Goody Frantz or Soupy Sybarite? My Crucible of Chowder at DC’s Founding Farmers

Tomato (1) IMG_0449

It’s a shame to acknowledge that Beethoven couldn’t have know Founding Farmers sous chef Lisa Frantz when he said, “Only the pure of heart can make good soup.” Clearly, she has never thought naughty things, gives to the homeless, eschews a compliment and loves unconditionally because she makes one hell heck of a good soup.

More likely, Ms. Frantz (pronounced like France if you speak like Paula Dean) learned her dark culinary arts from the likes of Tituba before she became so benign because her soups are hedonistic, sumptuous and above all sinfully pleasurable. Then again, you have to be wholesome if you want to make food at Founding Farmers; their commitment is “fresh farm to table American inspired true food…inspired by the heartland with sustainably farmed products, including regionally sourced items and in-season vegetables whenever possible.” Just because she’s “forced” to use fresh ingredients doesn’t take away from the talent required to elevate Mother Nature and distill her bounty into a great soup. It starts at the end — breaking down the day’s roasted bits and making stock every night for soup the next day. 
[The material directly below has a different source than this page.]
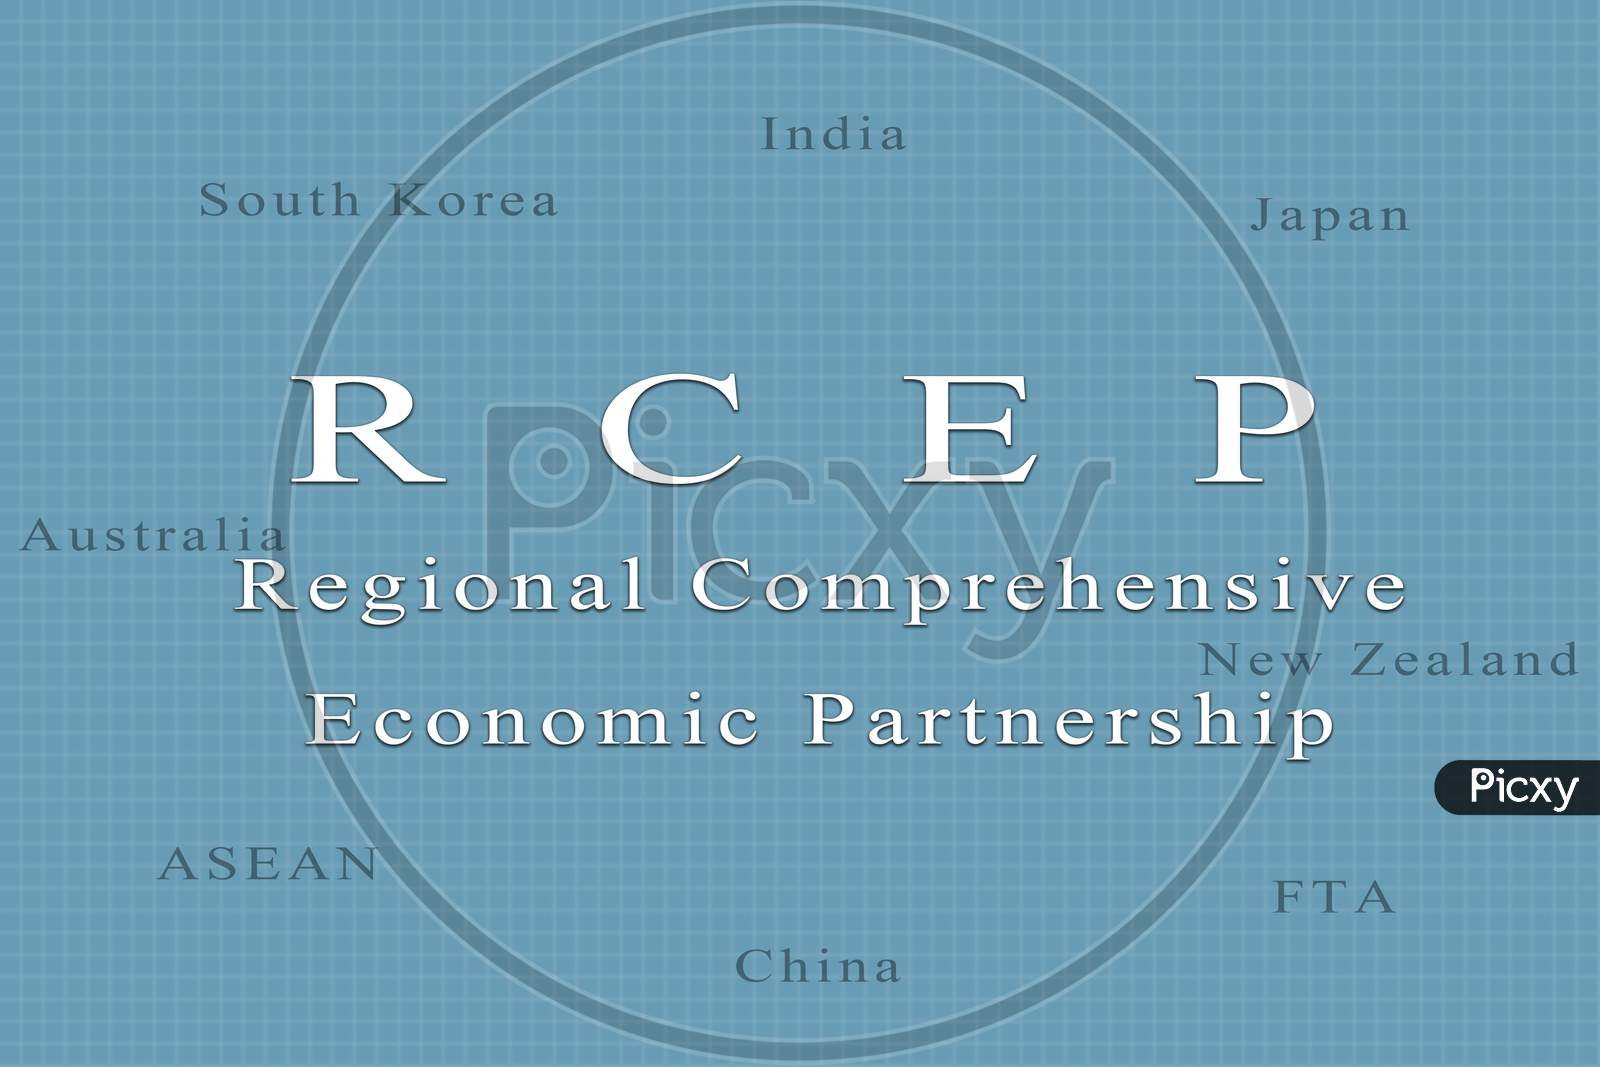 Conceptual Business Trade Illustration With The Words Rcep Or Regional Comprehensive Economic Partnership.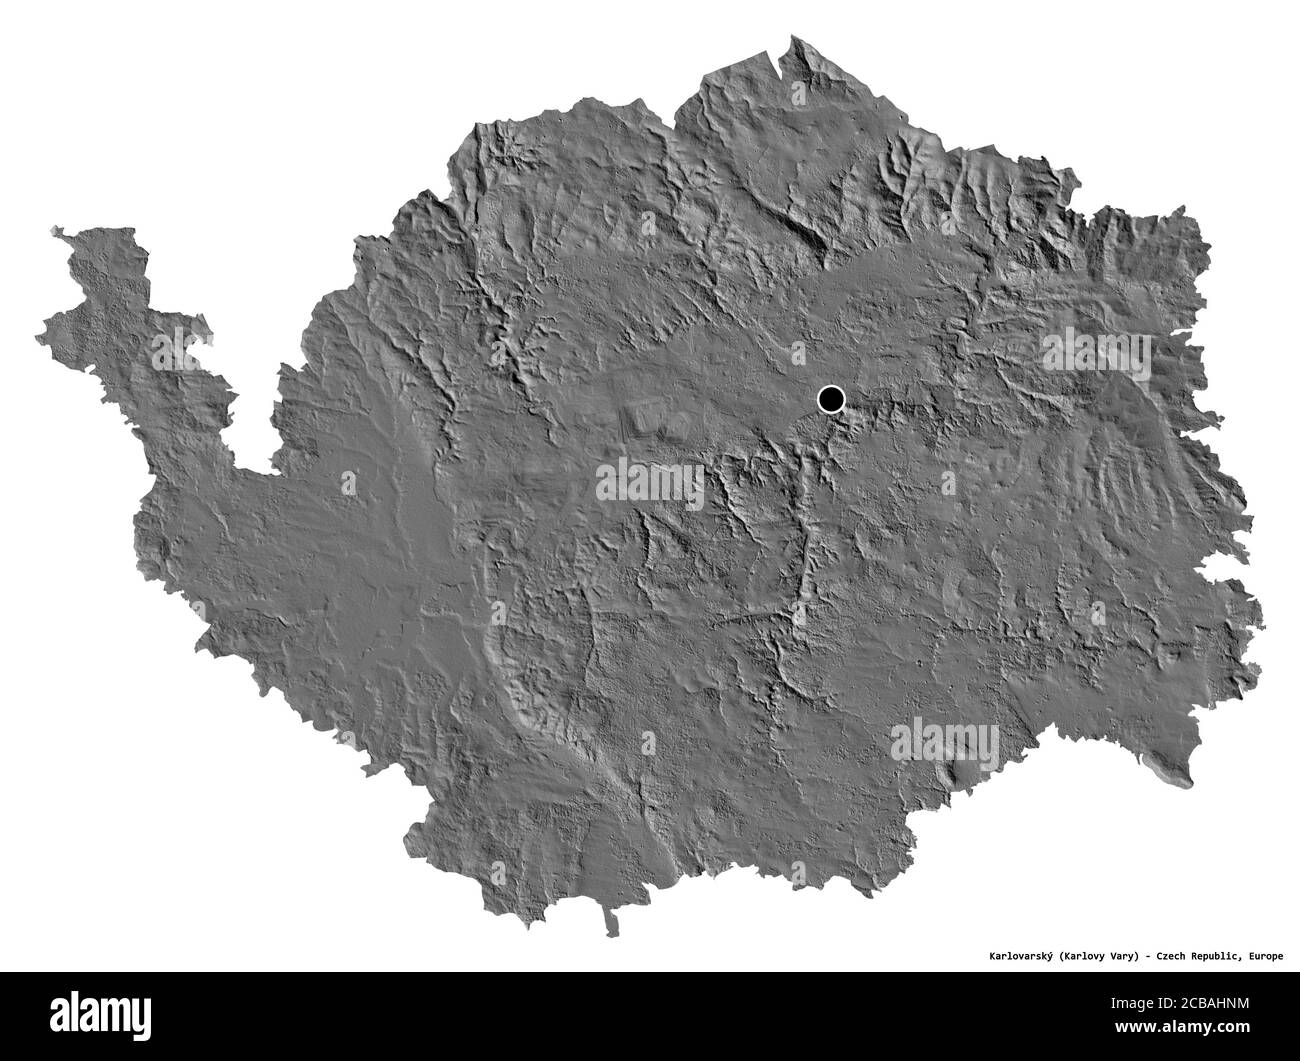 Shape of Karlovarský, region of Czech Republic, with its capital isolated on white background. Bilevel elevation map. 3D rendering Stock Photo

Toe-curling tomato soup at Founding Farmers

I was treated to not one, not two but a divine trinity of soups: roasted lemon chicken, clam chowder and perpetual farmhouse favorite, roasted tomato. If you’re thinking tomato soup (yawn, ho-hum) you have not had a soup from Founding Farmers. Tomatoes — between 24 and 60 quarts (quantity depends on the season, where they’re sourced, how juicy they are), fennel and garlic are roasted daily to coax out the vegetables’ natural sweetness and develop new, more complex flavor compounds. Add to that some white wine, shallots, spicy goodness, thicken slightly with finely deconstructed house-made ciabatta crumb (gluten allergy alert!) and finish with a little cream.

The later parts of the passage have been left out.